You’d also feel vibration through your spacesuit boots, he says. "The ice slab you’re standing on is levitated above the ground by the pressure of gas at the base of the ice."

Mystery Markings

The team began its research in an attempt to explain what caused mysterious dark spots, fan-like markings, and spider-shaped features on the icecap at the Martian south pole. The dark spots, typically 50 to 150 feet wide and spaced several hundred feet apart, appear every southern spring as the Sun rises over the icecap. They last for three or four months and then vanish – only to reappear the next year, after winter’s cold has deposited a fresh layer of ice on the cap. Most spots even seem to recur at the same locations.

"Originally, scientists thought the spots were patches of warm, bare ground exposed as the ice disappeared," notes Christensen. "But observations made with THEMIS on NASA’s Mars Odyssey orbiter told us the spots were nearly as cold as the CO2 ice, which is at -198° Fahrenheit." That finding suggested the spots were just a thin layer of dark material lying on top of the ice and kept chilled by it.

THEMIS is the Thermal Emission Imaging System, a multi-wavelength camera. Christensen, who is a Regents’ Professor of Geological Sciences at ASU’s new School of Earth and Space Exploration in the College of Liberal Arts and Sciences, designed THEMIS and is the instrument’s principal investigator. The new school houses ASU’s renowned Mars Space Flight Facility.

Using more than 200 THEMIS visible and infrared images, the team studied one area on the icecap, at 99° east longitude and 86.3° south latitude, from the end of southern winter through mid-summer. The spots began to appear when the Sun was only half a degree high, then quickly became more numerous over several days.

"A few places remained spot-free for more than 100 days," notes Christensen. "Then they developed a large number in a week."

The scientists saw that fan-shaped dark markings didn’t form until days or weeks after the spots first appeared, yet some fans grew to half a mile in length. Even more puzzling was the origin of the "spiders," grooves eroded into the surface under the ice. The grooves converge at points directly beneath a spot.

Icy Greenhouse

"The key to figuring out the spiders and the spots," says Christensen, "was thinking through a physical model for what was happening." The whole process, he explains, begins during Mars’ frigid Antarctic winter, when temperatures drop to -200° F. That’s so cold that the martian air – 95 percent carbon dioxide – freezes out directly onto the surface of the permanent polar cap, which is made of water ice covered with layers of dust and sand.

This seasonal deposit begins as a layer of dusty CO2 frost. Over the winter, the frost recrystalizes and becomes denser, a process called annealing. The dust and sand particles caught in the frost slowly sink. By spring, with the Sun about to rise, the frost layer has become a slab of semi-transparent ice about 3 feet thick, lying on a substrate of dark sand and dust.

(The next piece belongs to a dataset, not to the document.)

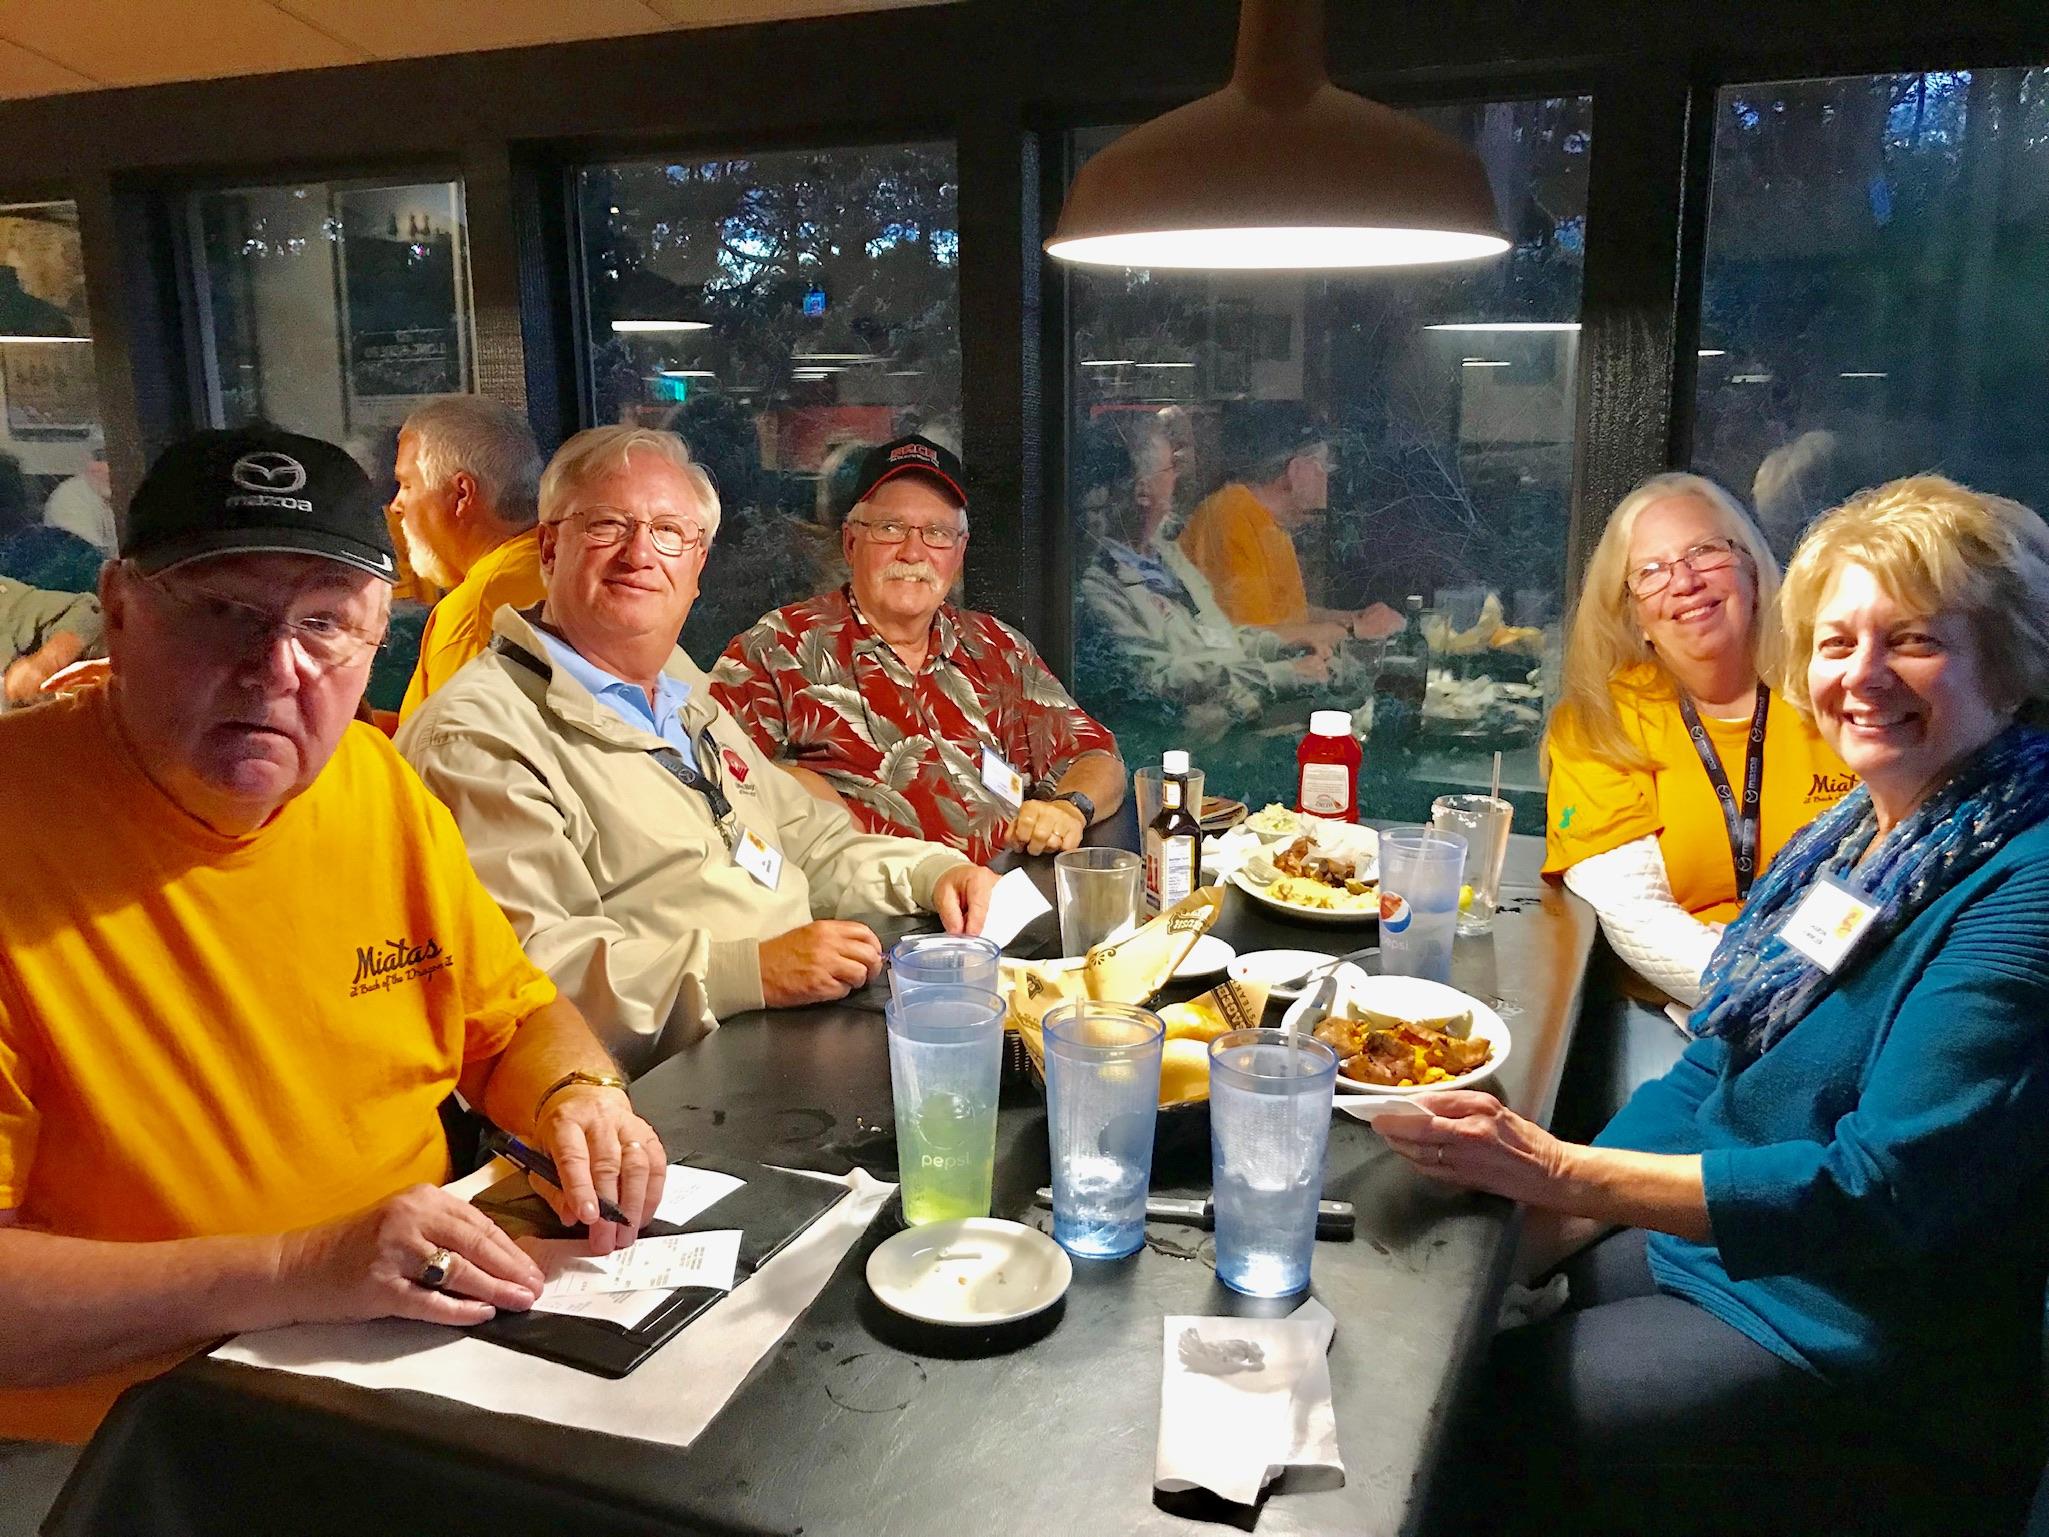 Saturday night dinner was at Sagebrush Steakhouse in Wytheville. Clockwise from left: Jim Pickett, Bill Rimmler, John Boyer, Pat Boyer, Sharon Rimmler.

Sunlight passing through the slab reaches the dark material and warms it enough that the ice touching the ground sublimates – it turns directly into gas. As days pass and the Sun rises higher, sublimation continues. Before long, the warmed substrate generates a reservoir of pressurized gas under the slab, lifting it off the ground.

Spiders Trace a delicate pattern on top of the residual polar cap, after the seasonal carbon-dioxide ice slab has disappeared. Next spring, these will likely mark the sites of vents when the CO2 icecap returns. This MOC image is about 2 miles wide.
Image Credit: NASA/JPL/MSSS

Big Blowout

Soon after, weak spots in the slab break through, forming narrow vents, and high-pressure gas roars out at speeds of 100 miles per hour or more. Under the slab, the gas erodes the ground as it rushes toward the vents, snatching up loose particles of sand and carving networks of grooves that converge on the vents.

"Once a spider becomes established," says Christensen, "it affects the surface so that a vent will form in the same place the following year."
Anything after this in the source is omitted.